• [What you need to do] Pictures stay out of the copy; output exactly the lines from the one containing "St. Johannes Evangelist in Gürzenich" through the end of the material.

• [Available data]
::::::::
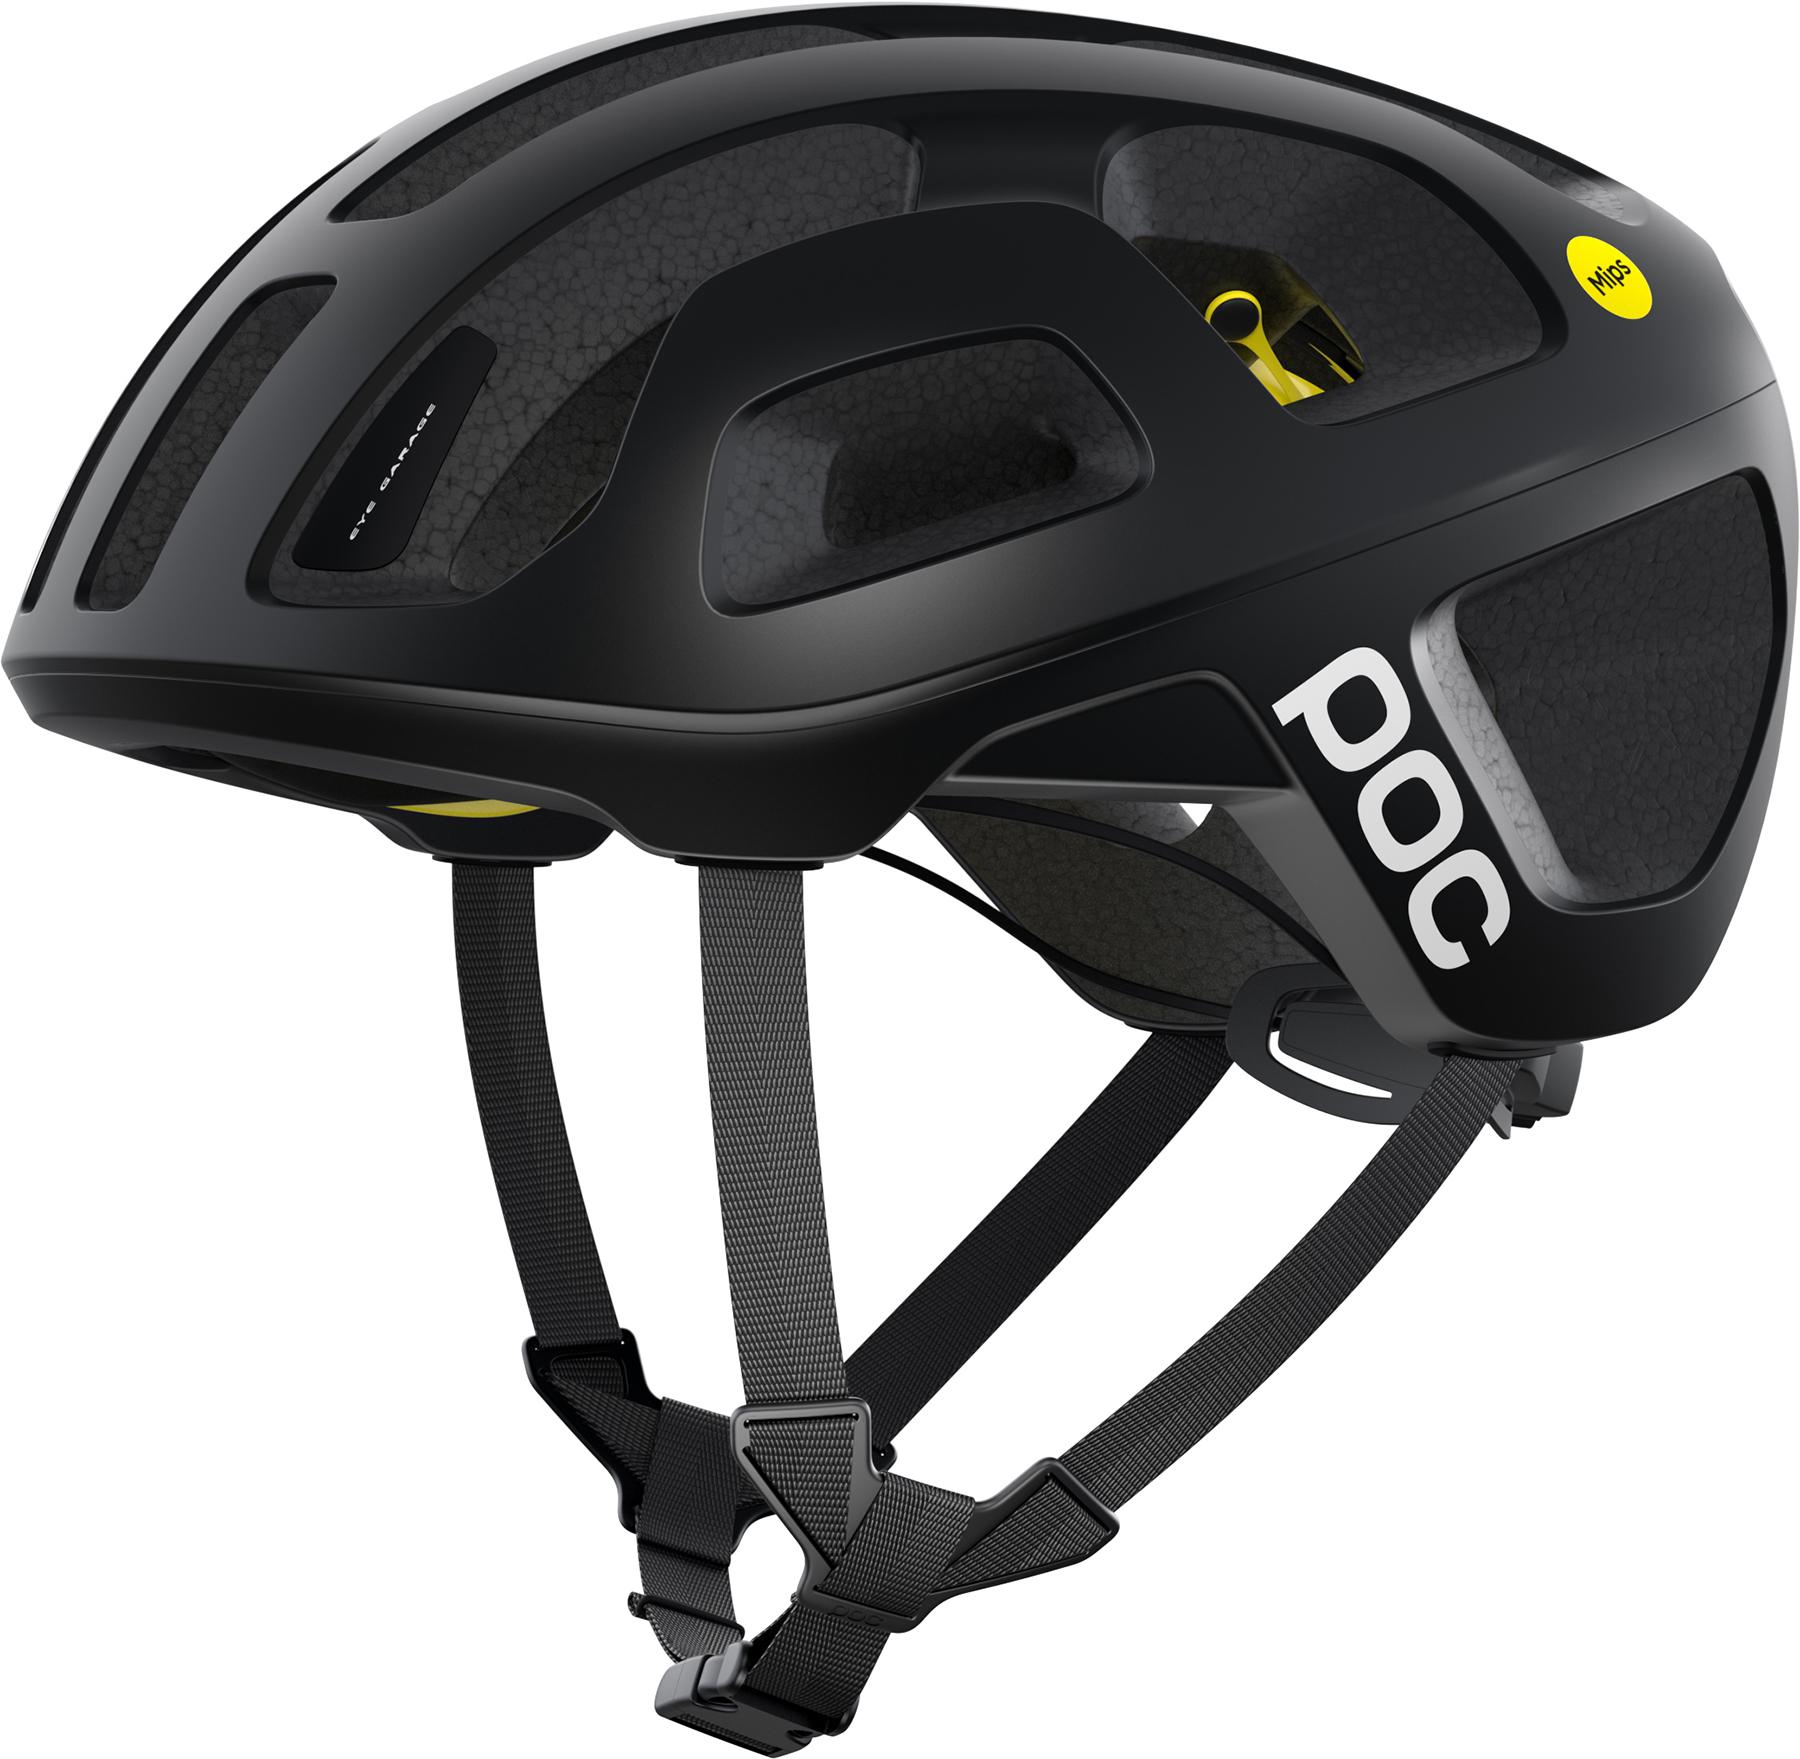 Poc Octal Mips Road Cycling Helmet - Uranium Black Matt
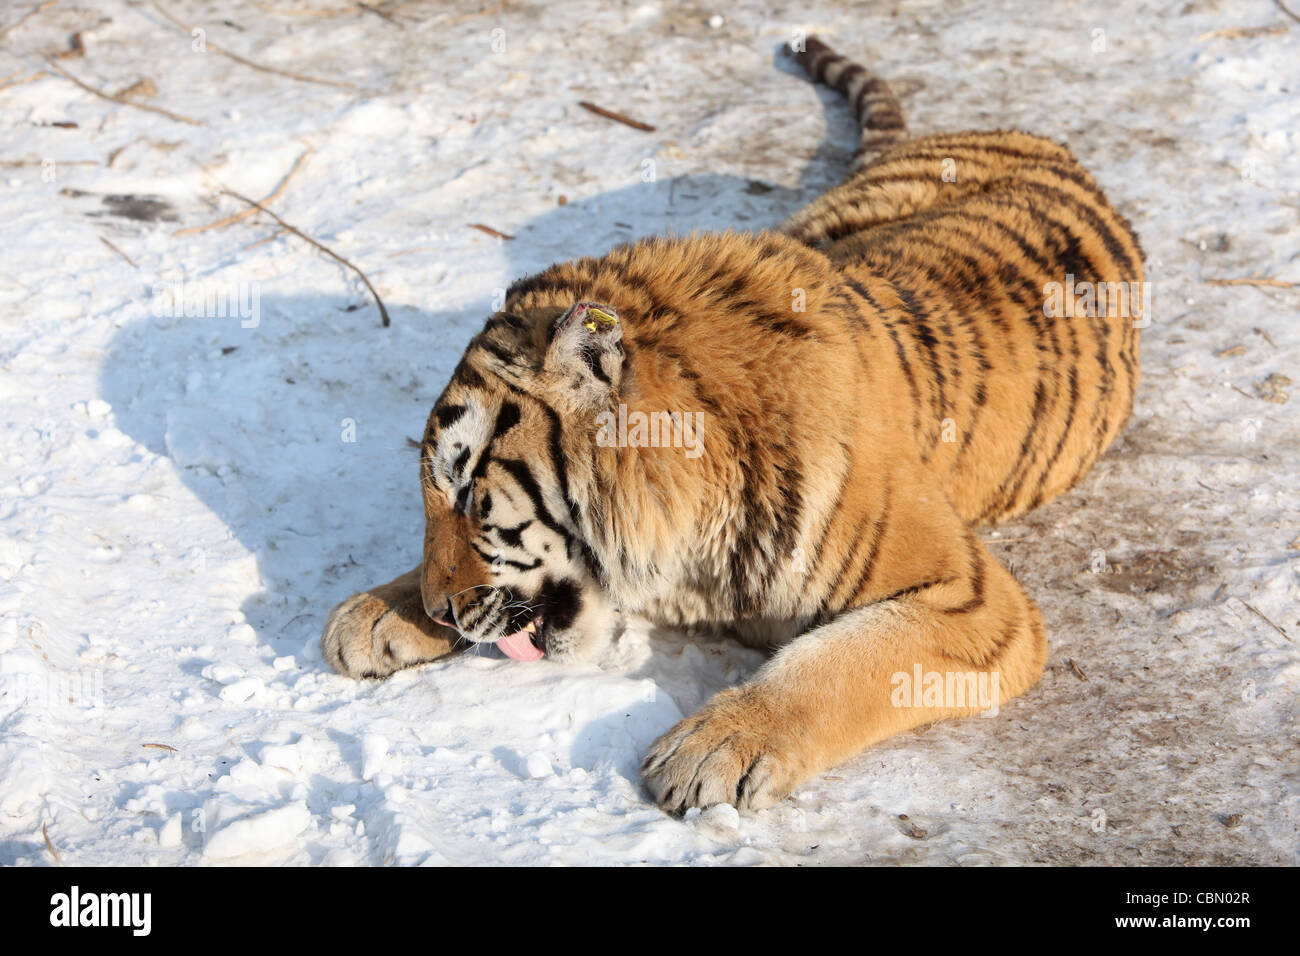 Siberian Tiger, Harbin, China Stock Photo
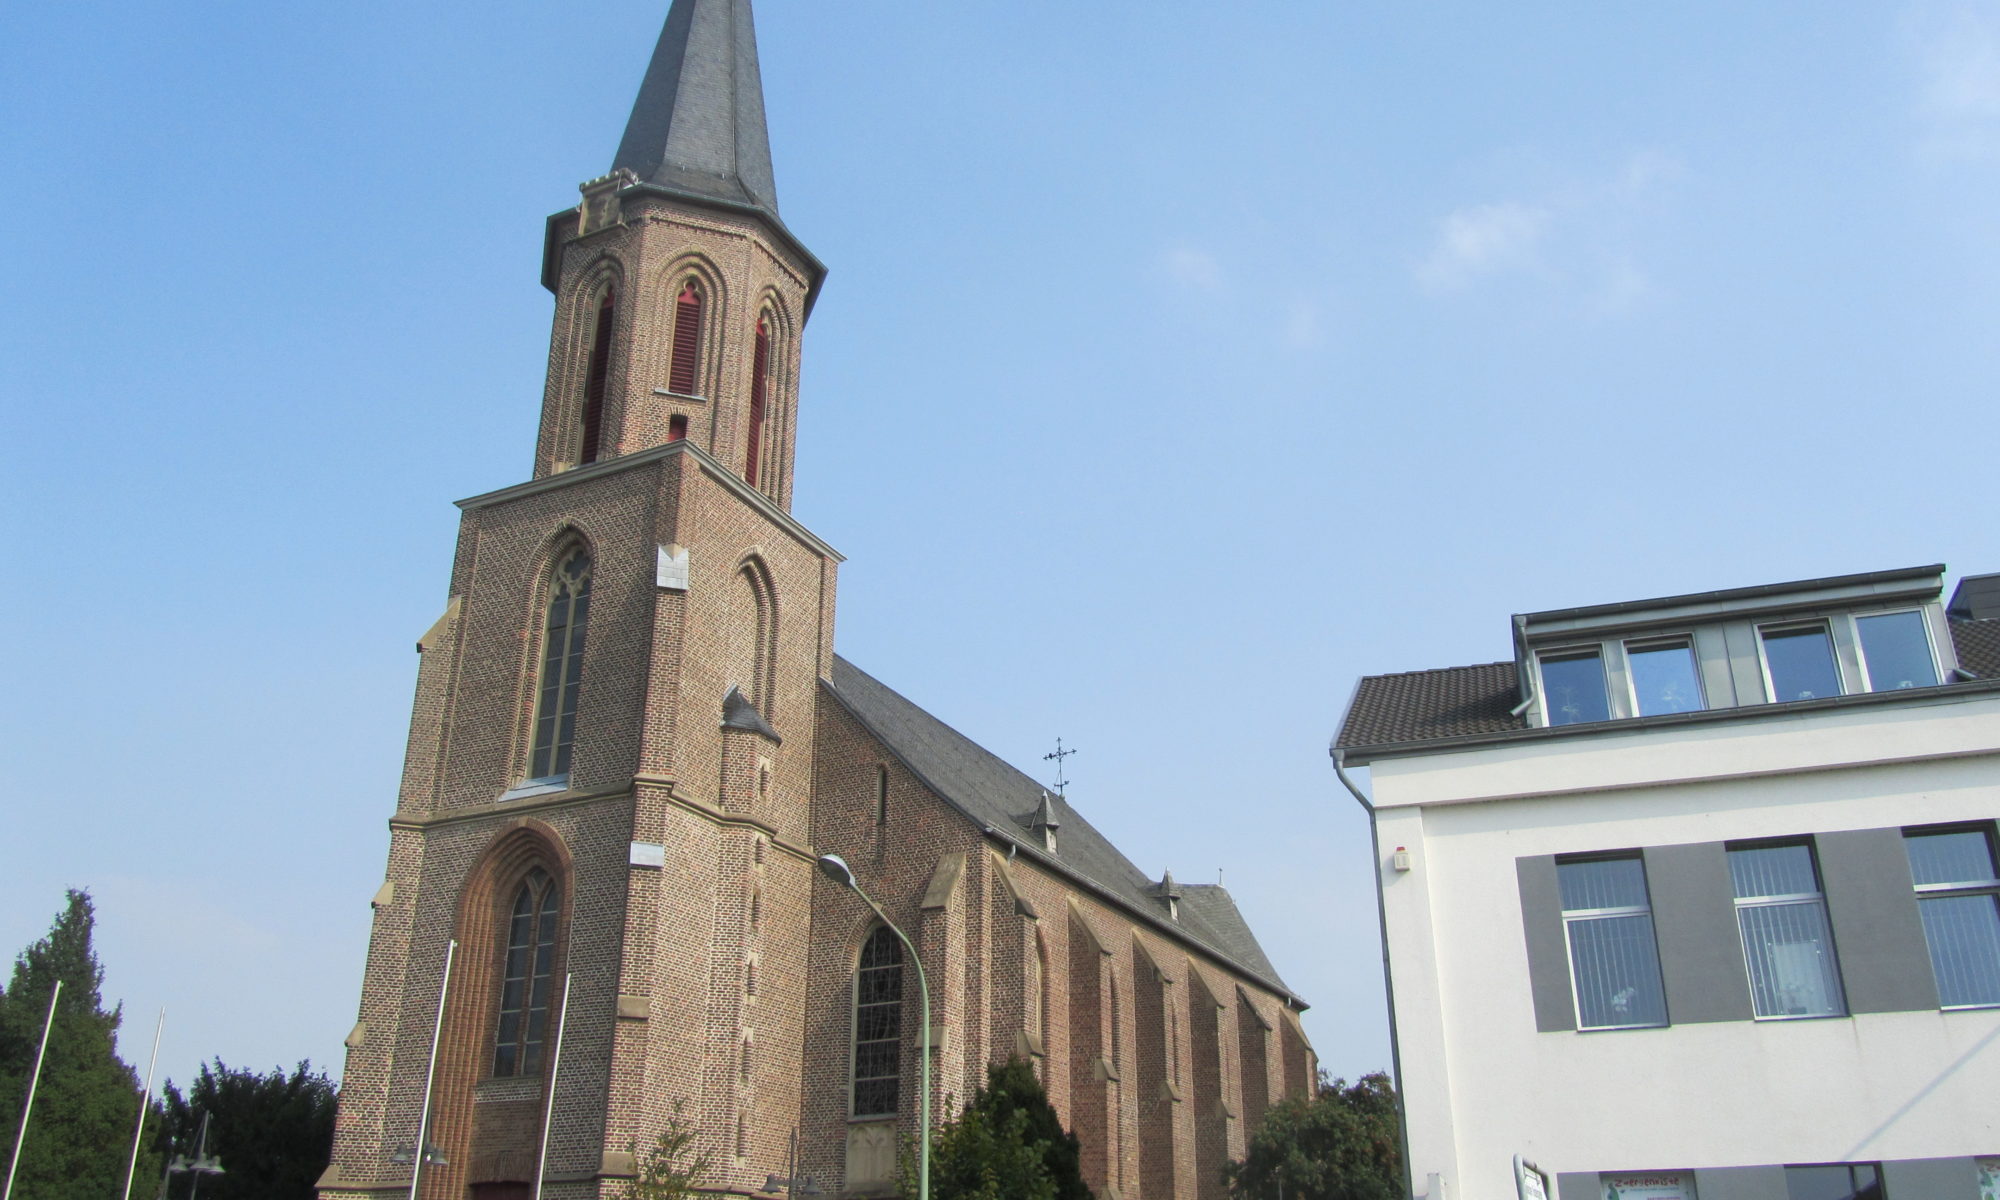 St. Johannes Evangelist in Gürzenich
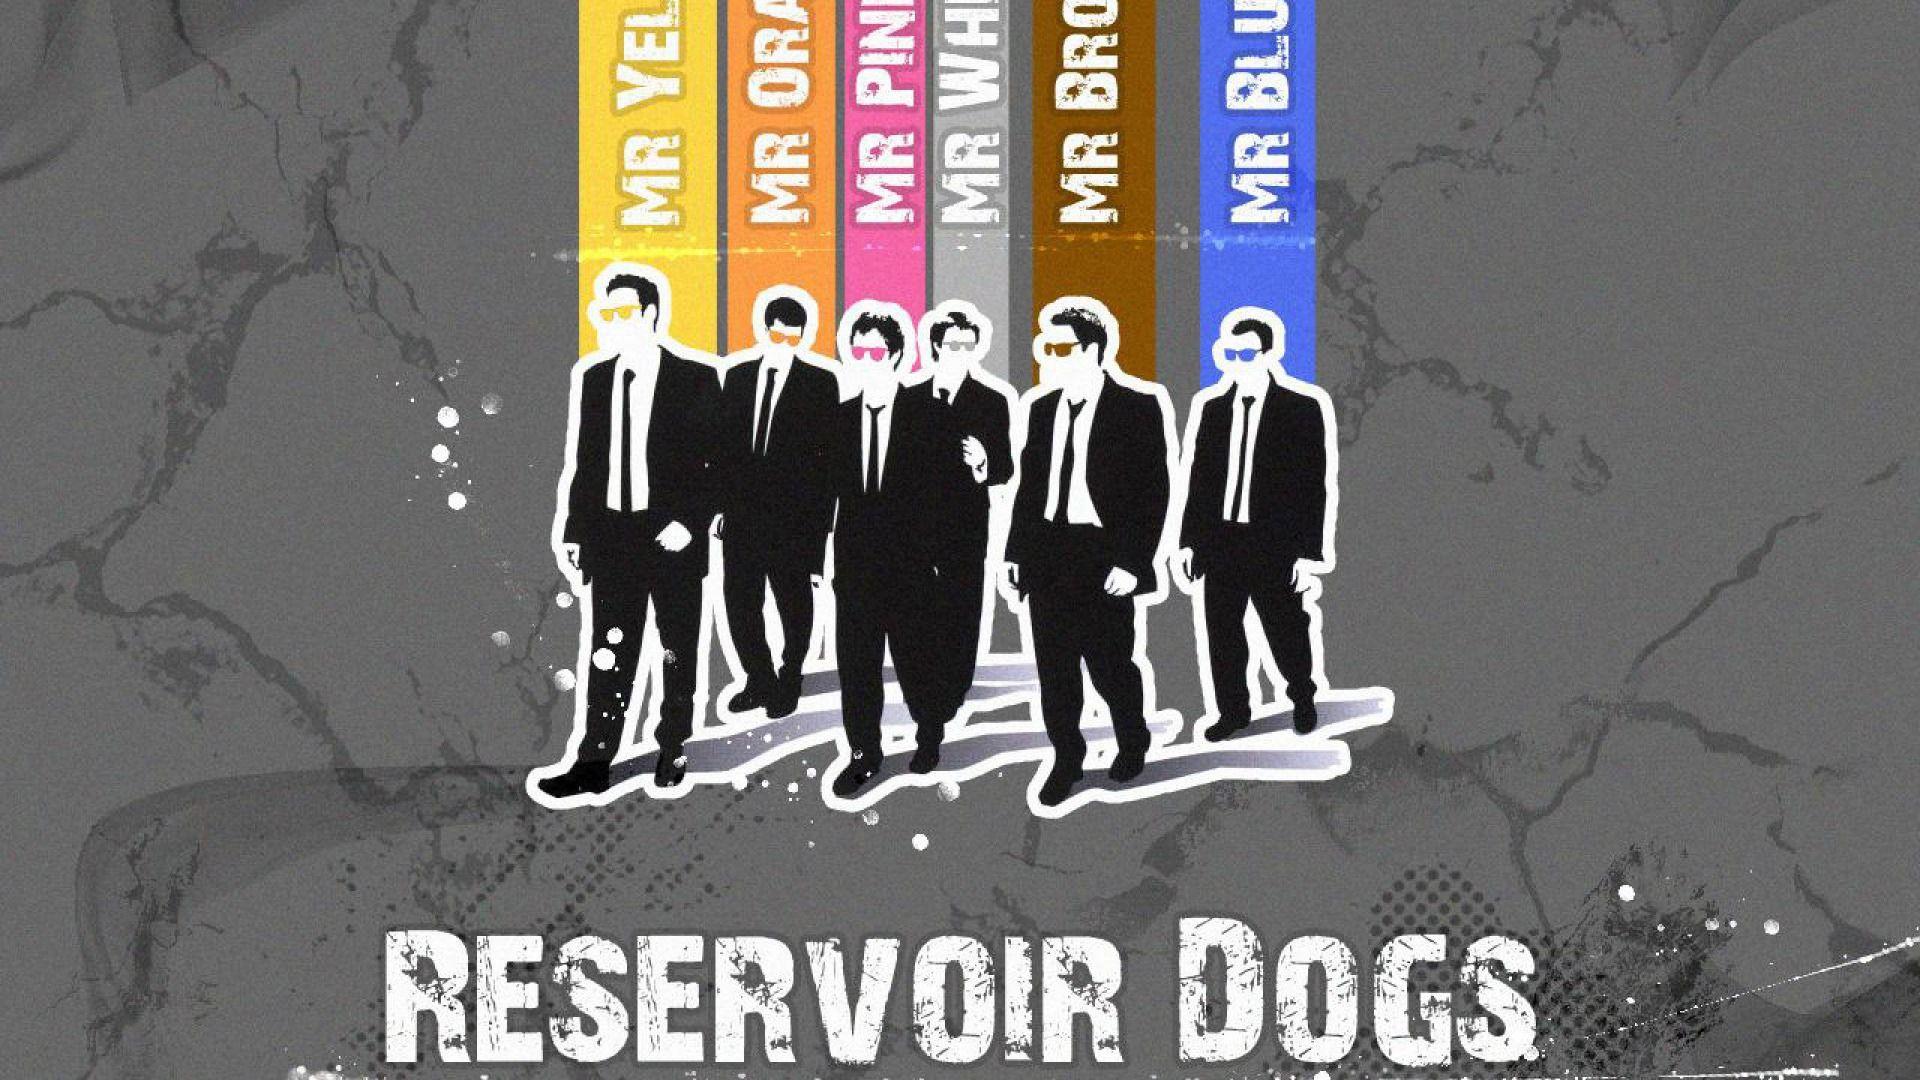 Reservoir Dogs 1920 x 1080 Wallpaper
::::::::
• [Answer to the exercise]
 St. Johannes Evangelist in Gürzenich
 Reservoir Dogs 1920 x 1080 Wallpaper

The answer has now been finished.